The Bonferroni correction divides the significance level by the number of tests that we do. In our example, we do three t tests on pairs of groups, so we divide the significance level of five per cent by three. The resulting significance level for each t test is .0167. If a t test’s p value is below .0167, we reject the null hypothesis, but we do not reject it otherwise.

5.1.5.2 Two steps in analysis of variance

Analysis of variance, then, consists of two steps. In the first step, we test the general null hypothesis that all groups have equal average scores on the dependent variable in the population. If we cannot reject this null hypothesis, we have too little evidence to conclude that there are differences between the groups. Our analysis of variance stops here, although it is recommended to report the confidence intervals of the group means to inform the reader. Perhaps our sample was just too small to reject the null hypothesis.

If the F test is statistically significant, we proceed to the second step. Here, we apply independent-samples t tests with Bonferroni correction to each pair of groups to see which groups have significantly different means. In our example, we would compare the Clooney and Jolie groups to the group without celebrity endorser to see if celebrity endorsement increases willingness to donate to the fund raiser, and, if so, how much. In addition, we would compare the Clooney and Jolie groups to see if one celebrity is more effective than the other.

5.1.5.3 Contradictory results

It may happen that the F test on the model is statistically significant but none of the post-hoc tests is statistically significant. This mainly happens when the p value of the F test is near .05. Perhaps the correction for capitalization on chance is too strong; this is known to be the case with the Bonferroni correction. Alternatively, the sample can be too small for the post-hoc test. Note that we have fewer observations in a post-hoc test than in the F test because we only look at two of the groups.

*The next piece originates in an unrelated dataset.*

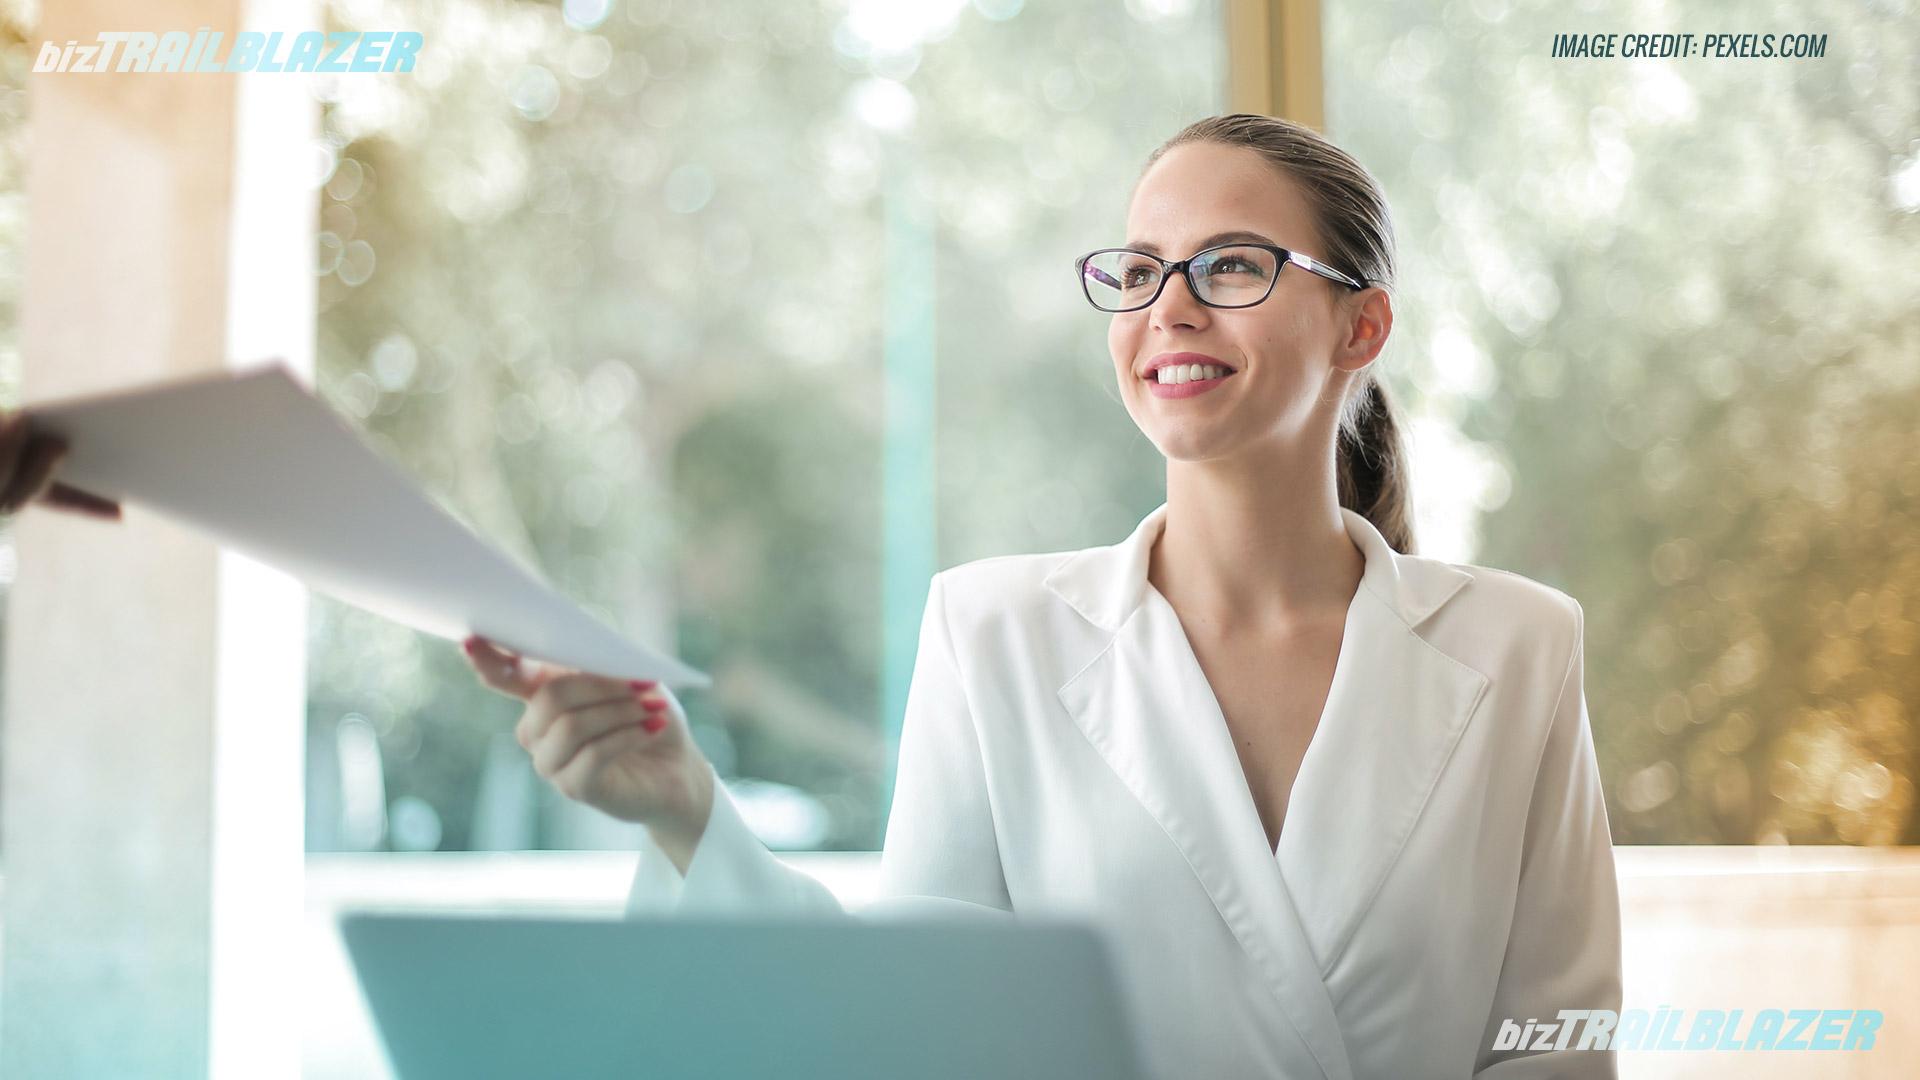 BizTrailBlazer-Blog-15-Best-HR-Management-Software-in-2021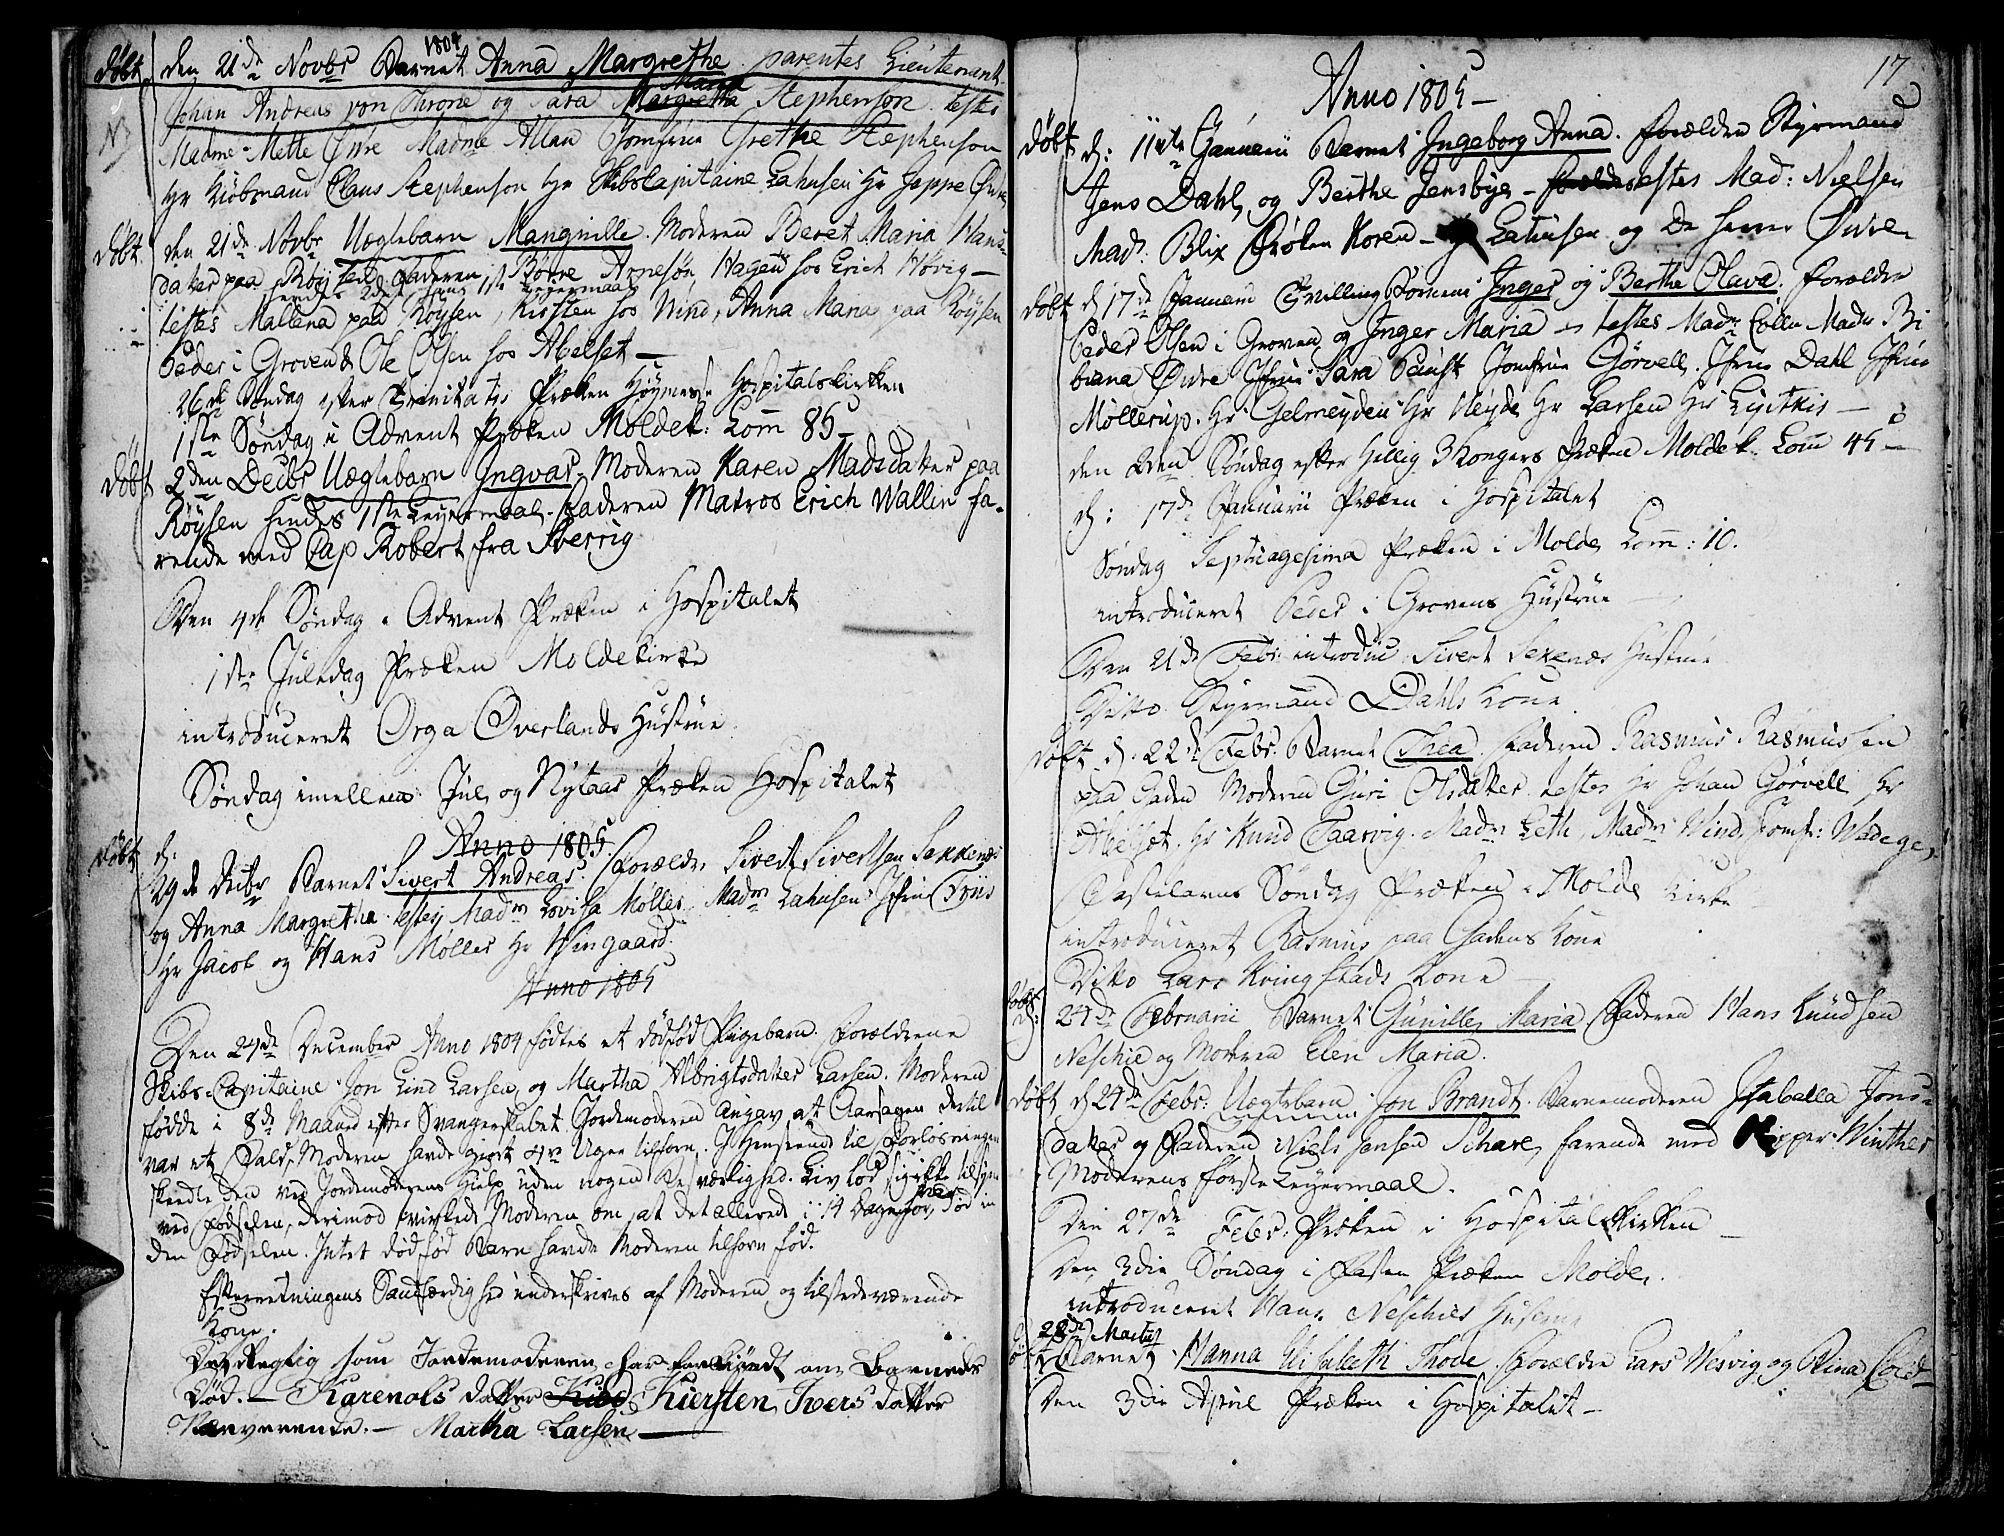 SAT, Ministerialprotokoller, klokkerbøker og fødselsregistre - Møre og Romsdal, 558/L0687: Parish register (official) no. 558A01, 1798-1818, p. 17

This situation illustrates the limitations of null hypothesis significance tests (Chapter 4.7). Remember that the 5 per cent significance level remains an arbitrary boundary and statistical significance depends a lot on sample size. So do not panic if the F and t tests have contradictory results.

A statistically significant F test tells us that we may be quite confident that at least two group means are different in the population. If none of the post-hoc t tests is statistically significant, we should note that it is difficult to pinpoint the differences. Nevertheless, we should report the sample means of the groups (and their standard deviations) as well as the confidence intervals of their differences as reported in the post-hoc test. The two groups that have most different sample means are most likely to have different population means.